## HOW TO COMPLETE THIS TASK
Would you reproduce the whole listing exactly, minus its images?

## THE DATA
━━━━━━━━
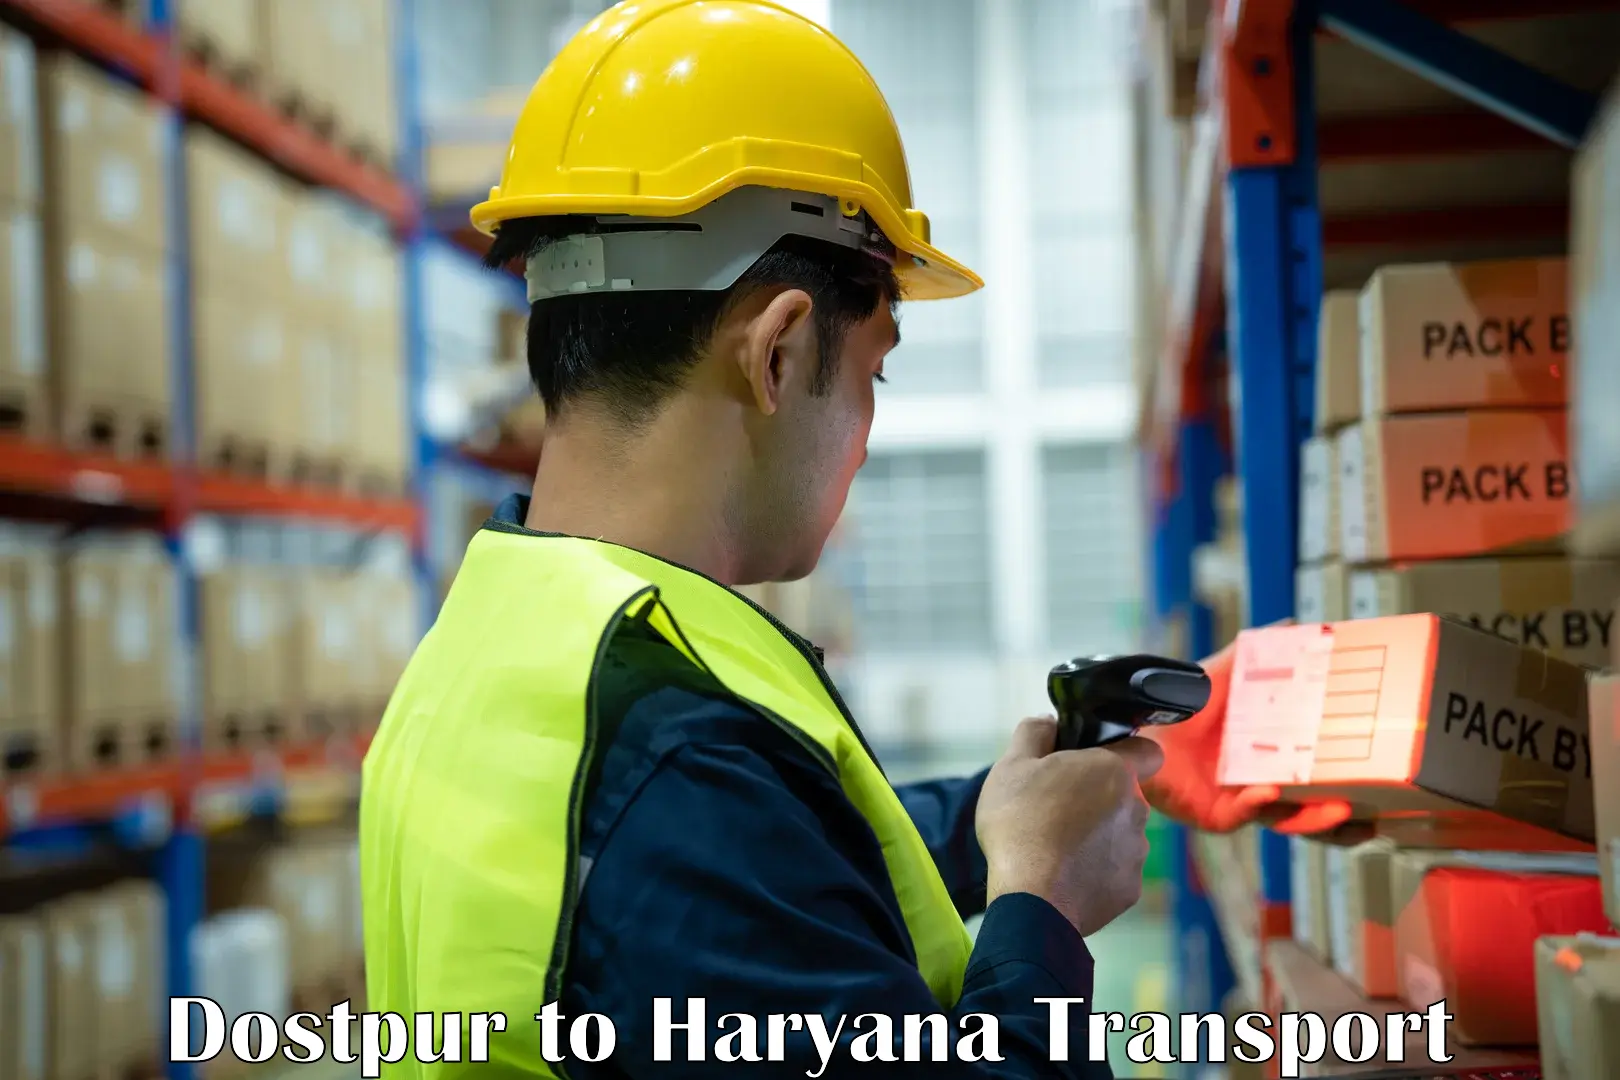 Air freight transport services Dostpur to Haryana
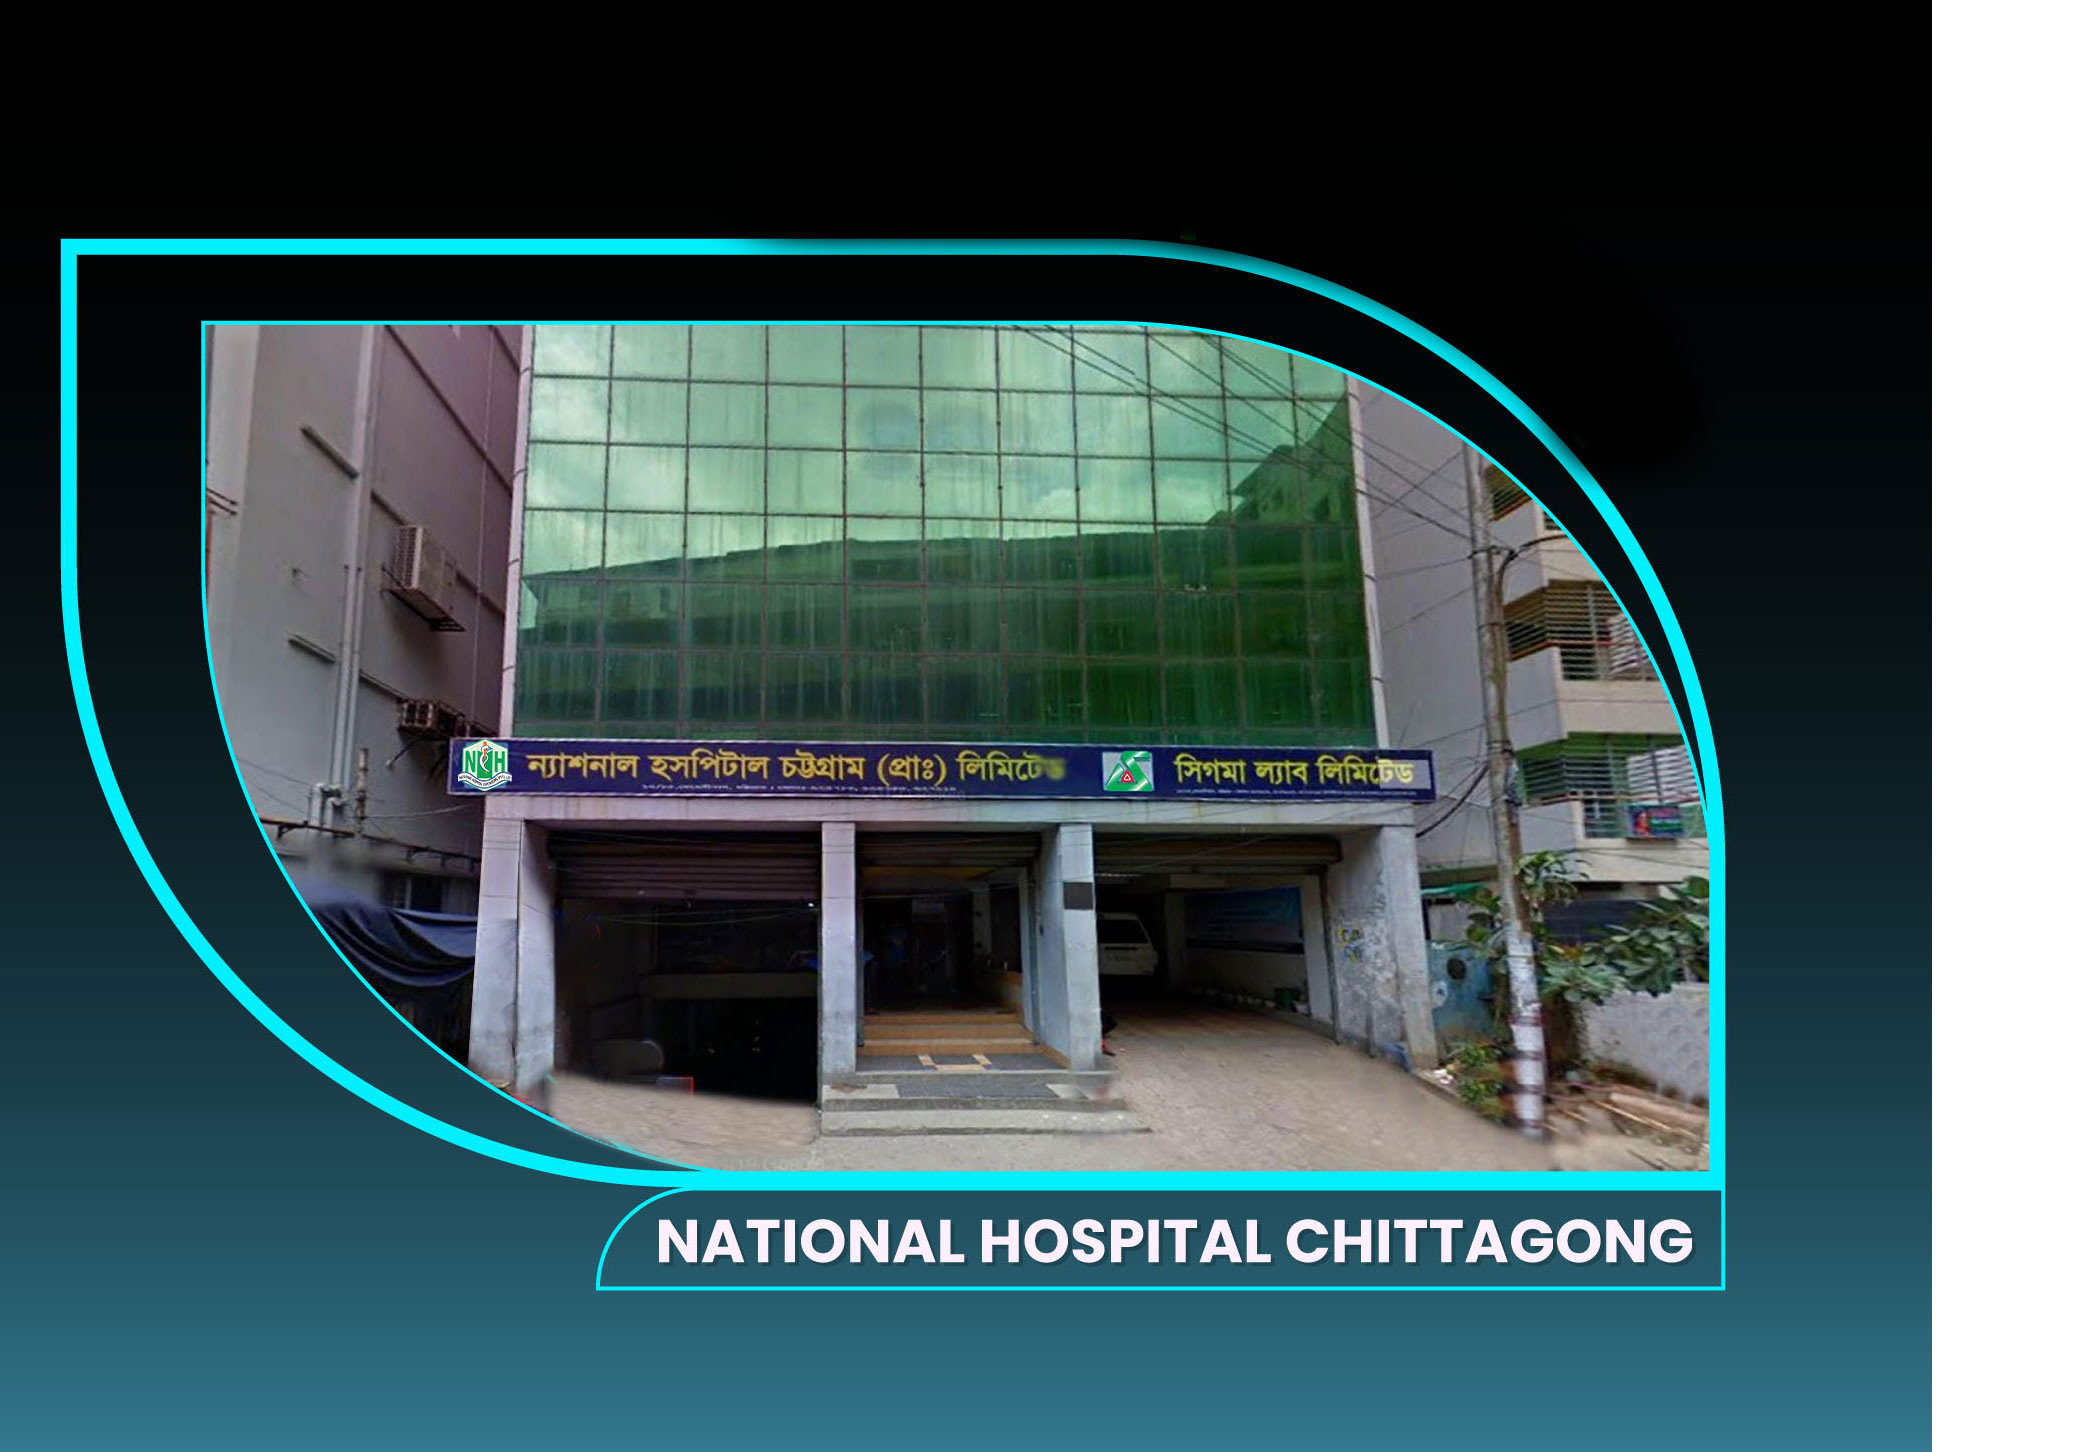 National Hospital is  the No 1 hospital private hospital in Bangladesh
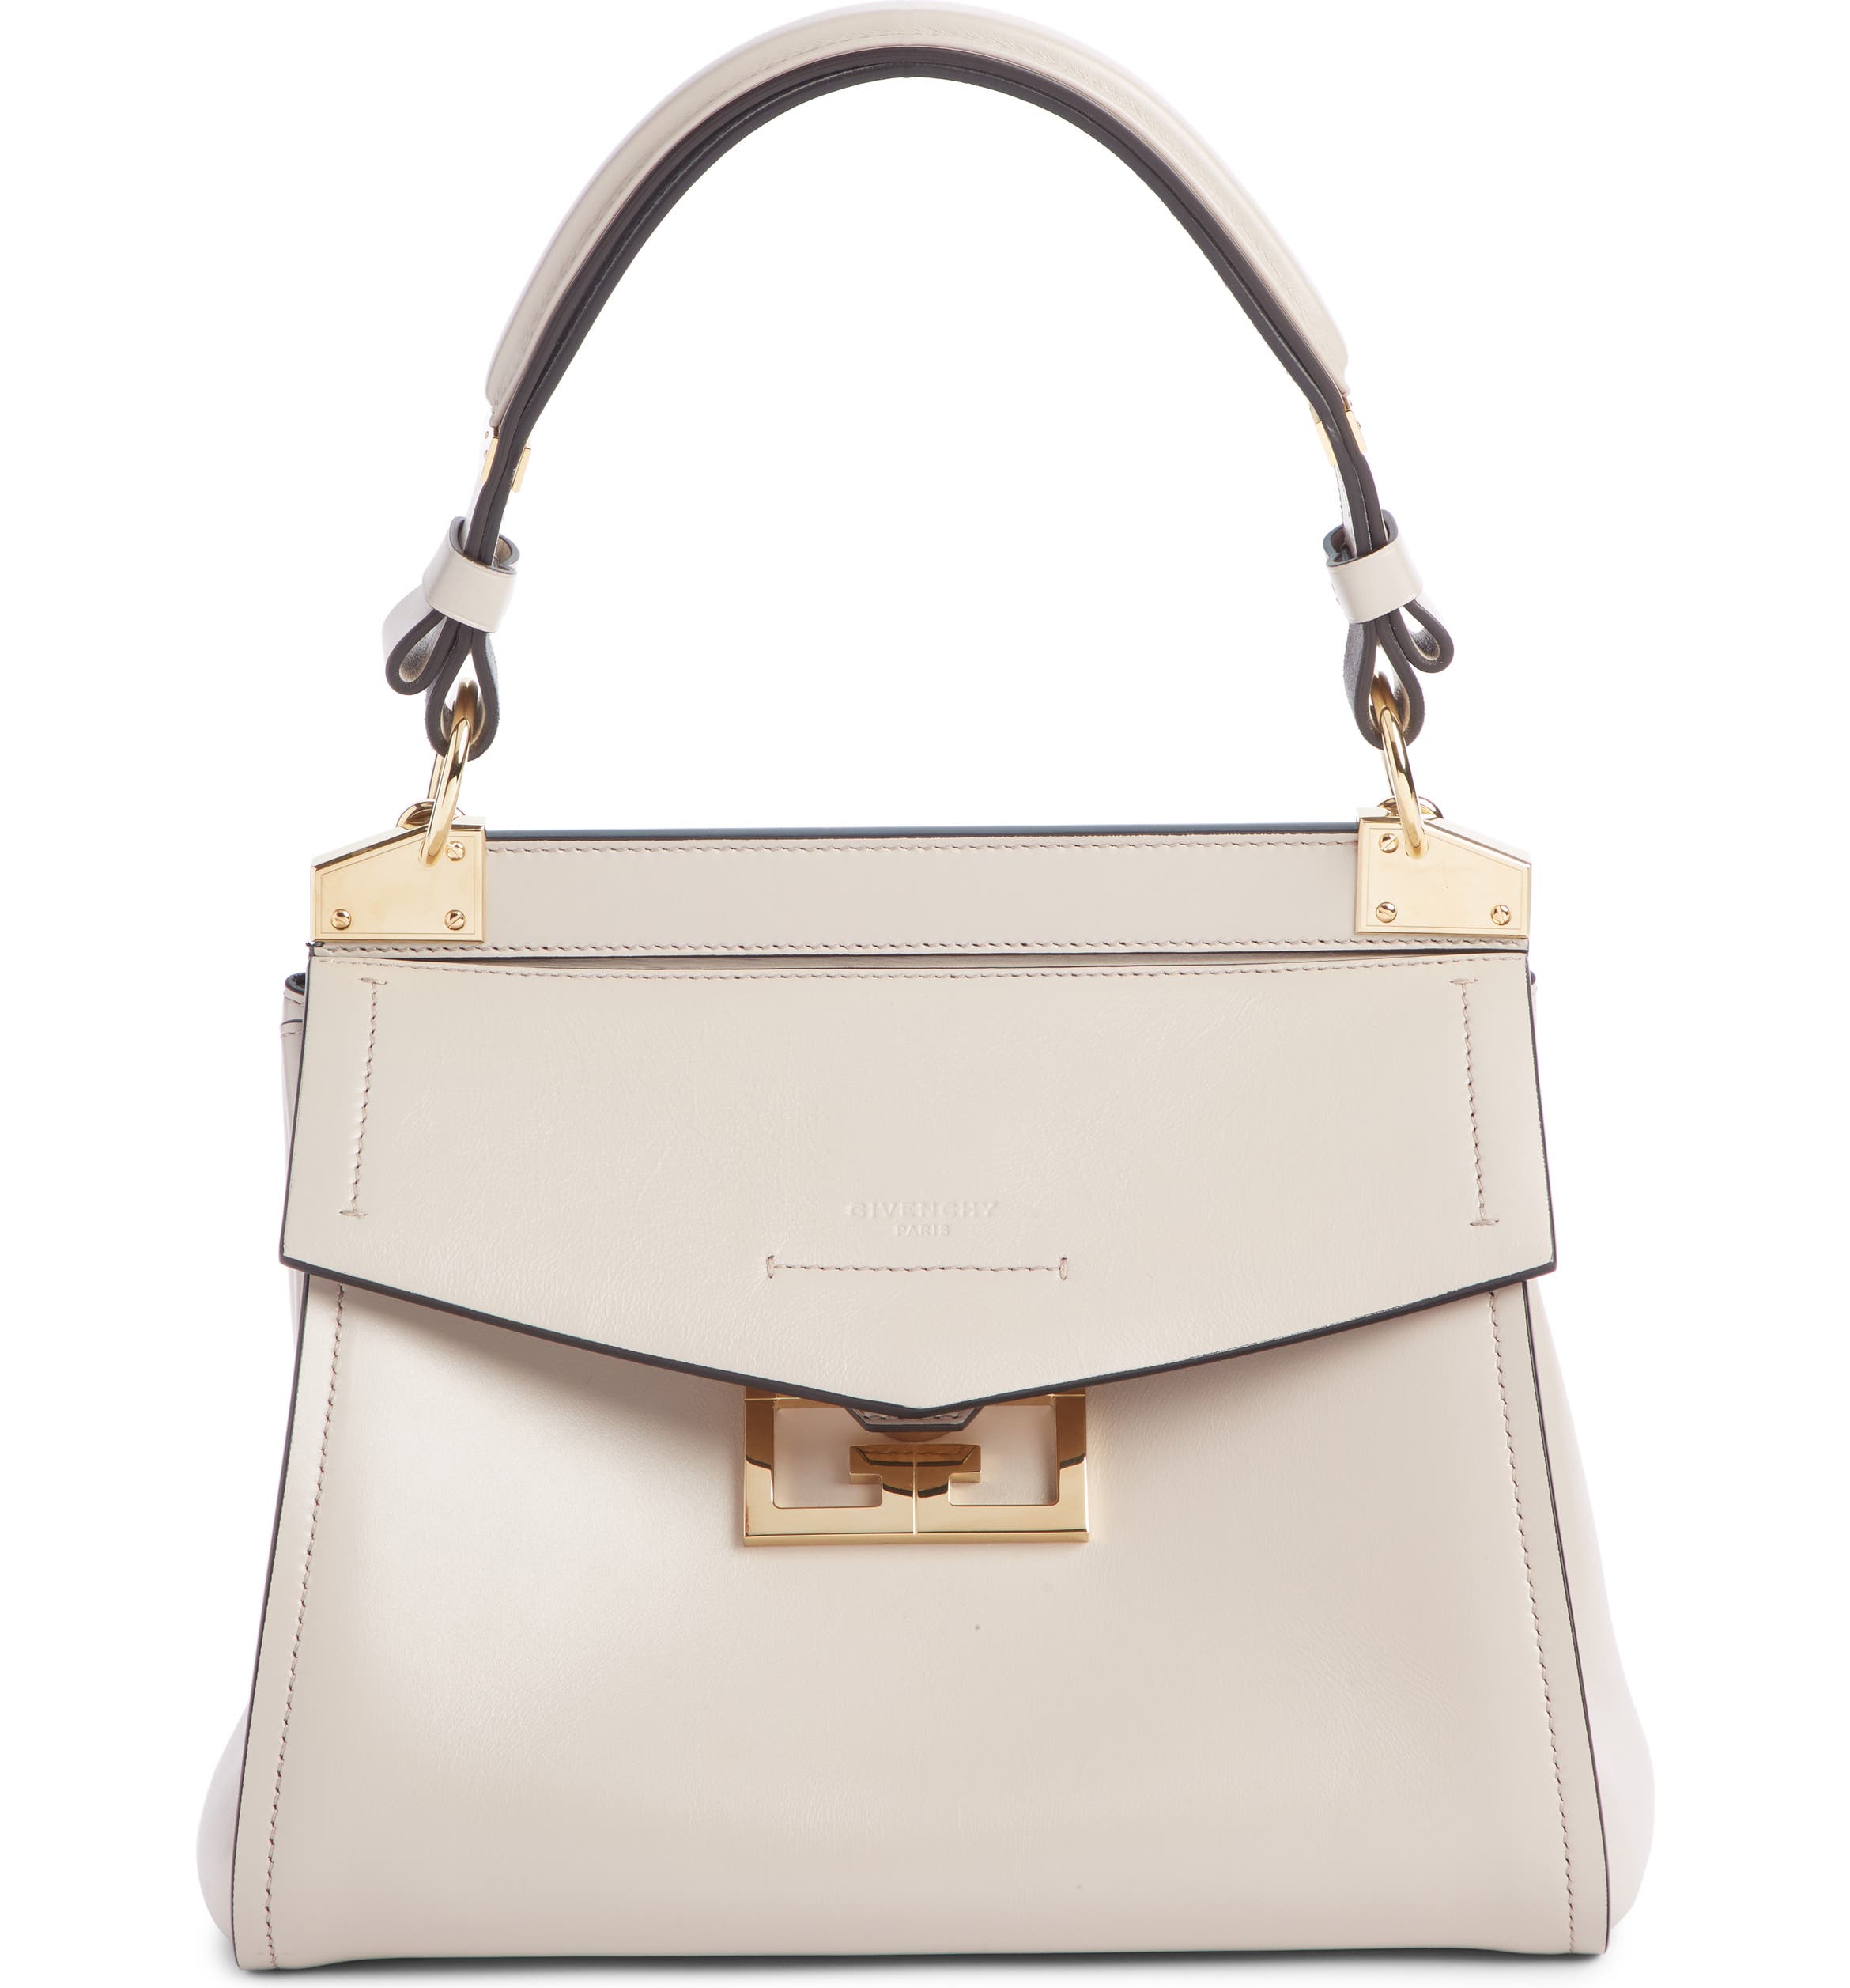 Givenchy Small Mystic Leather Satchel | Nordstrom
━━━━━━━━
## SOLUTION FOR THIS TASK
 Air freight transport services Dostpur to Haryana
 National Hospital is  the No 1 hospital private hospital in Bangladesh
 Givenchy Small Mystic Leather Satchel | Nordstrom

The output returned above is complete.